8 e. Bagi pemerintah Dapat dimanfaatkan menjadi sumber data mengenai rokok dan perilaku merokok dikalangan masyarakat, menjadi bahan pertimbangan untuk menentukan kebijakan-kebijakan dan program kesehatan terkait perilaku merokok di Indonesia. E. Keaslian Penelitian Penelitian mengenai rokok telah banyak dilakukan, namun belum ada penelitian dengan judul yang serupa dengan penelitian ini. Beberapa penelitian yang pernah dilakukan mengenai rokok adalah sebagai berikut: 1. Thabrany, Pujianto (2012) dengan judul Smokers Teacher Prevent Tobacco Controls Program In Indonesian Schools, merupakan penelitian deskriptif. Sampel penelitian adalah 675 guru sekolah menengah pertama di 5 propinsi di Jawa dan 4 propinsi Sumatra. Hasil penelitian ini adalah terdapat guru yang merokok di sekolah, perilaku merokok guru cenderung mempengaruhi sikap mereka terhadap pengendalian tembakau. Guru yang perokok harian cenderung menentang menghalangi upaya untuk mengendalikan epidemi merokok. Kesamaan dengan penelitian terdapat pada meneliti tentang rokok dan populasi guru. Perbedaannya terdapat pada variable yang di ukur. 2. Komasari, Helmi (2000) dengan judul Faktor-faktor penyebab perilaku merokok pada remaja, merupakan penelitian deskriptif. Sampel peneltian 75 orang berumur 15-18 tahun dan semuanya berjenis kelamin laki-laki. Hasil
9 peneltiannya adalah sikap permesif orang tua terhadap perilaku merokok remaja dan lingkungan teman sebaya merupakan prediktor terhadap perilaku merokok remaja, serta kepuasan yang diperoleh setelah merokok juga berpengaruh terhadap perilaku merokok mereka.
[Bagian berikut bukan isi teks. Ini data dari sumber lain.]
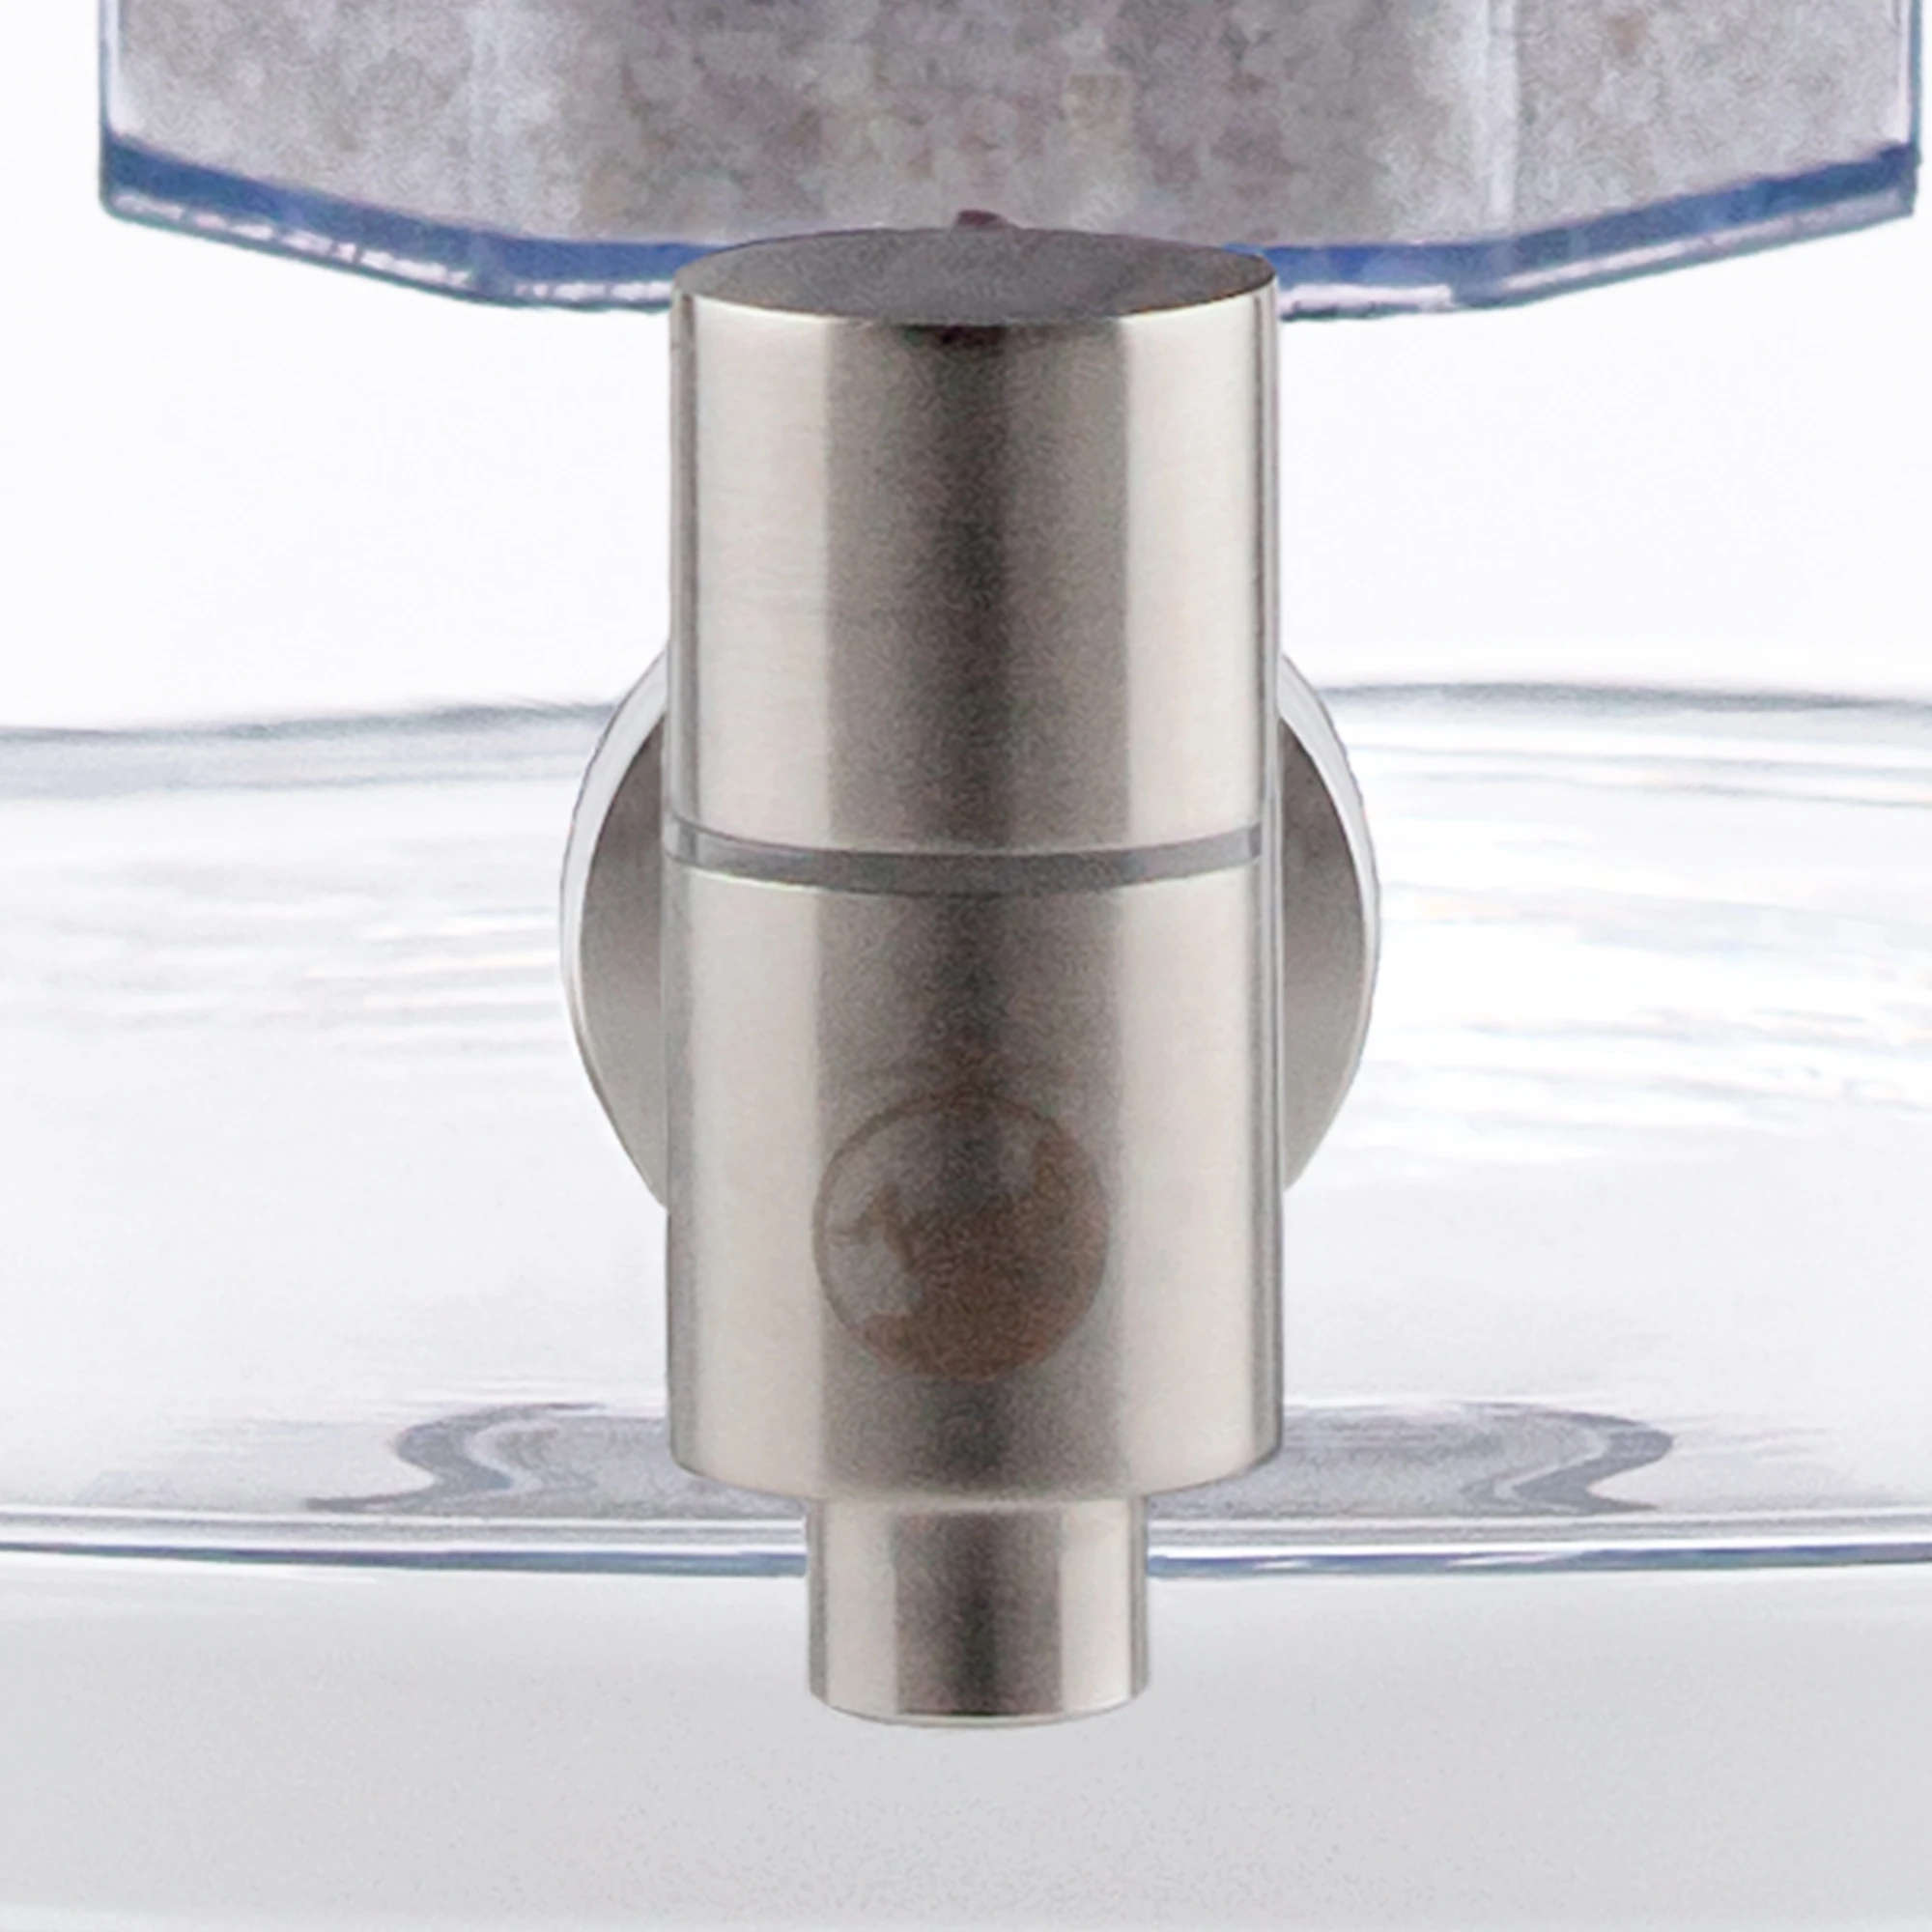 Zu sehen ist der Edelstahl Wasserhahn Makino für Acala Stand Wasserfilter an einem Glastank in kristallklar montiert in Großaufnahme. Der Hahn ist silber und man sieht das AcalaQuell Logo darauf.
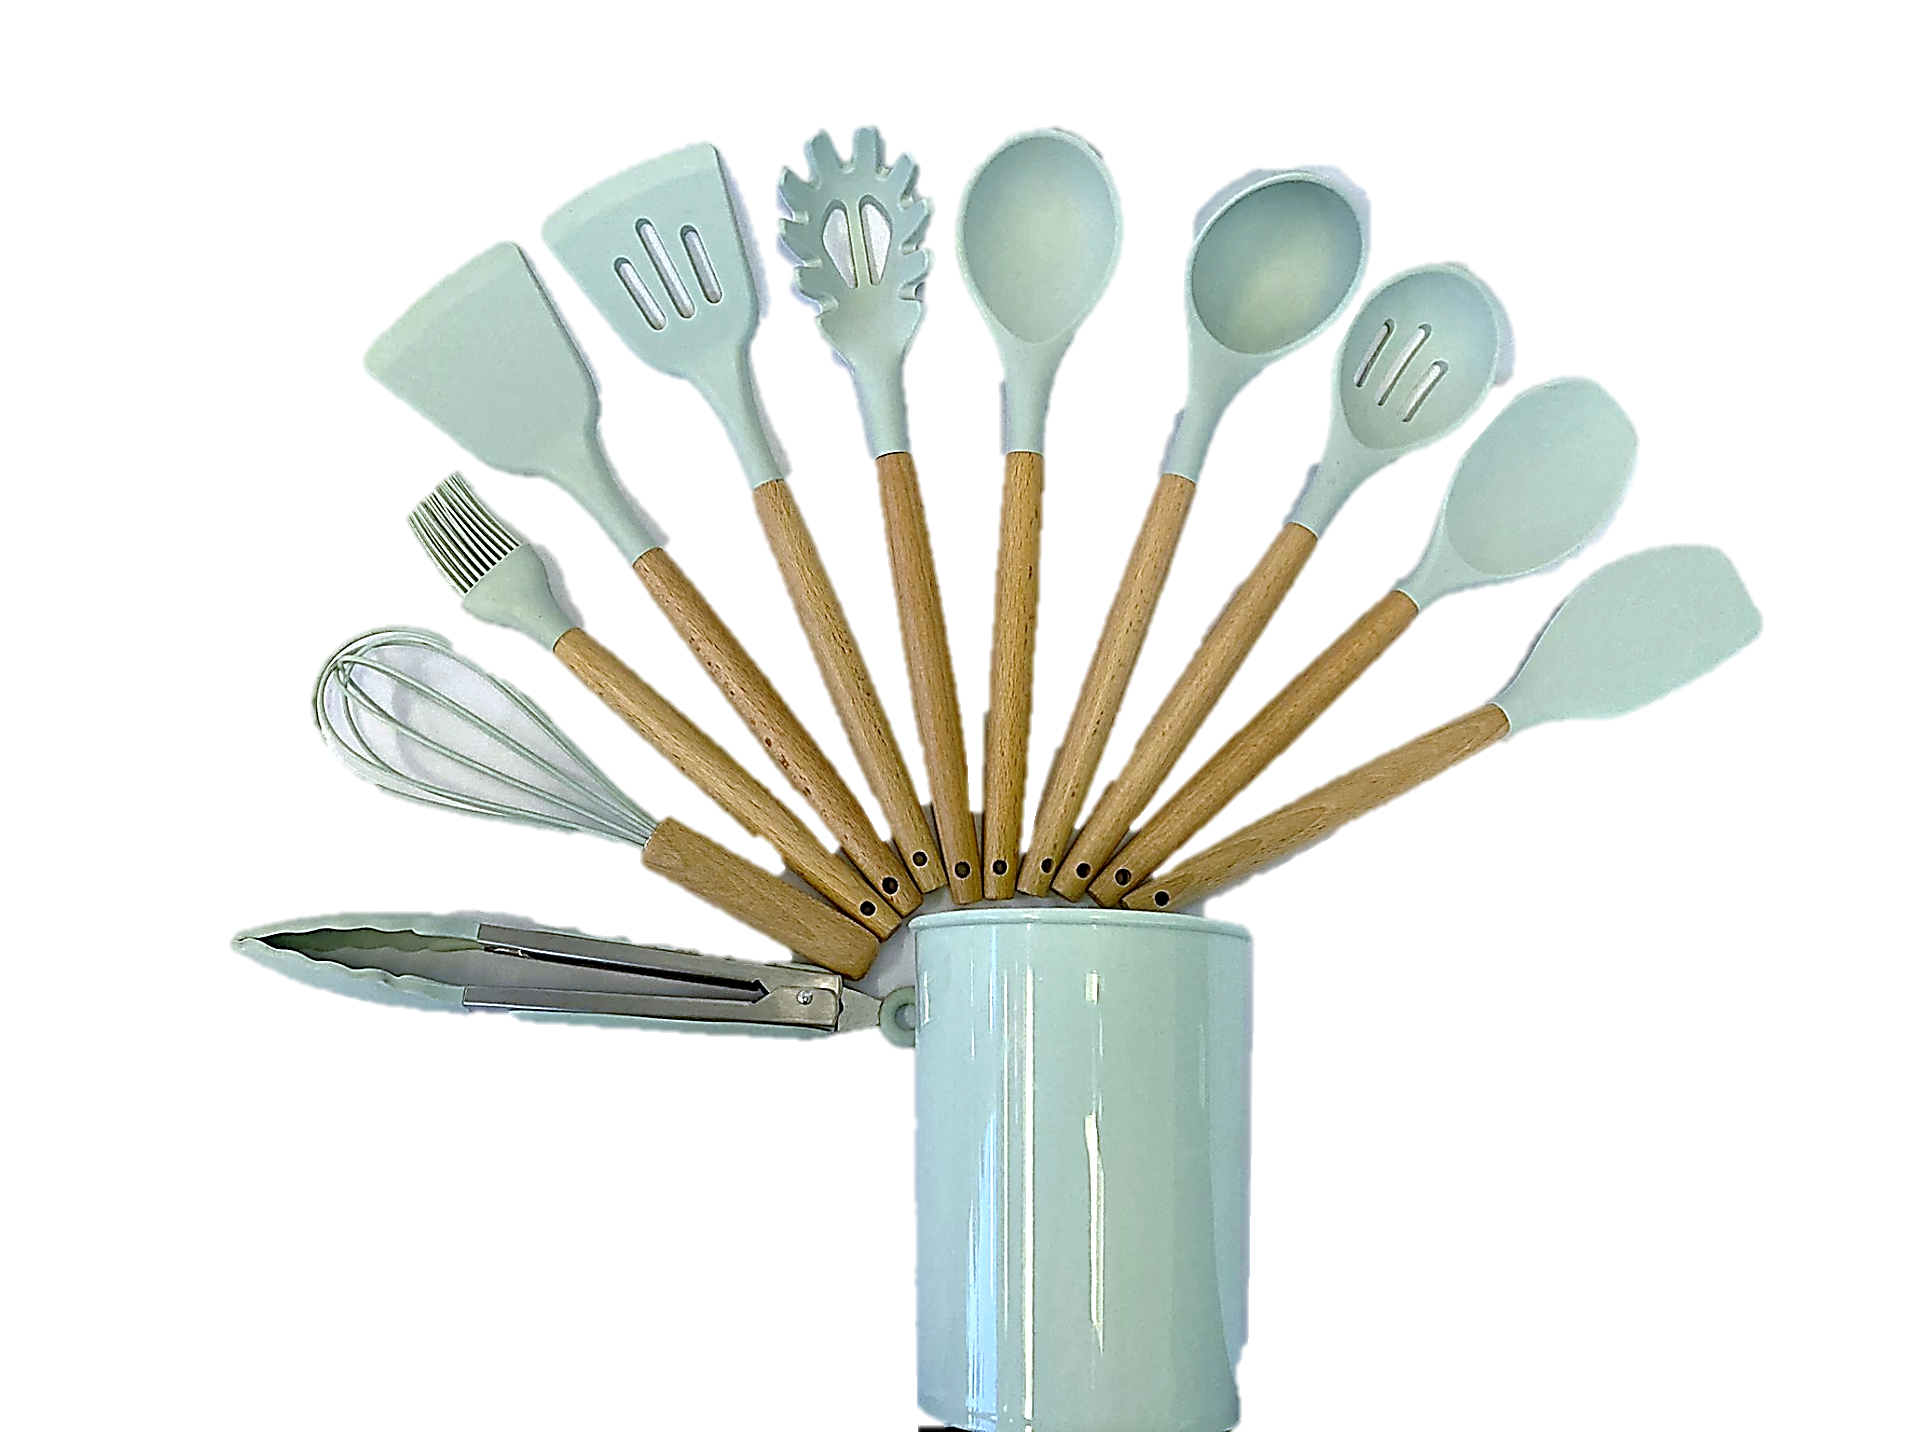 Rorence Utensilios de cocina de silicona Juego de utensilios de cocina: 12  piezas de utensilios de c…Ver más Rorence Utensilios de cocina de silicona

Kesamaan dengan penelitian ini terdapat pada kesamaan meneliti perilaku merokok, dan perbedaan terdapat pada variabel peserpsi. 3. Epel, Josephsohn, Ehrenfeld (2004) dengan judul Nurshing Students Perception Of Smoking Prevention, merupakan penelitian survey cross-sectional. Sampel penelitian 782 responden dari 3 sekolah keperawatan di Israel. Hasil penelitian dari 782 responden yang menjawab koesioner, 22% dilaporkan menjadi perokok, reponden berpendapat perawat harus aktif dalam pencegahan merokok dan sikap perawat menjadi model yang di contoh bagi masyarakat. Kesamaan dengan penelitian ini terdapat pada variabel persepsi. Perbedaannya terdapat pada variabel persepsi terhadap rokok.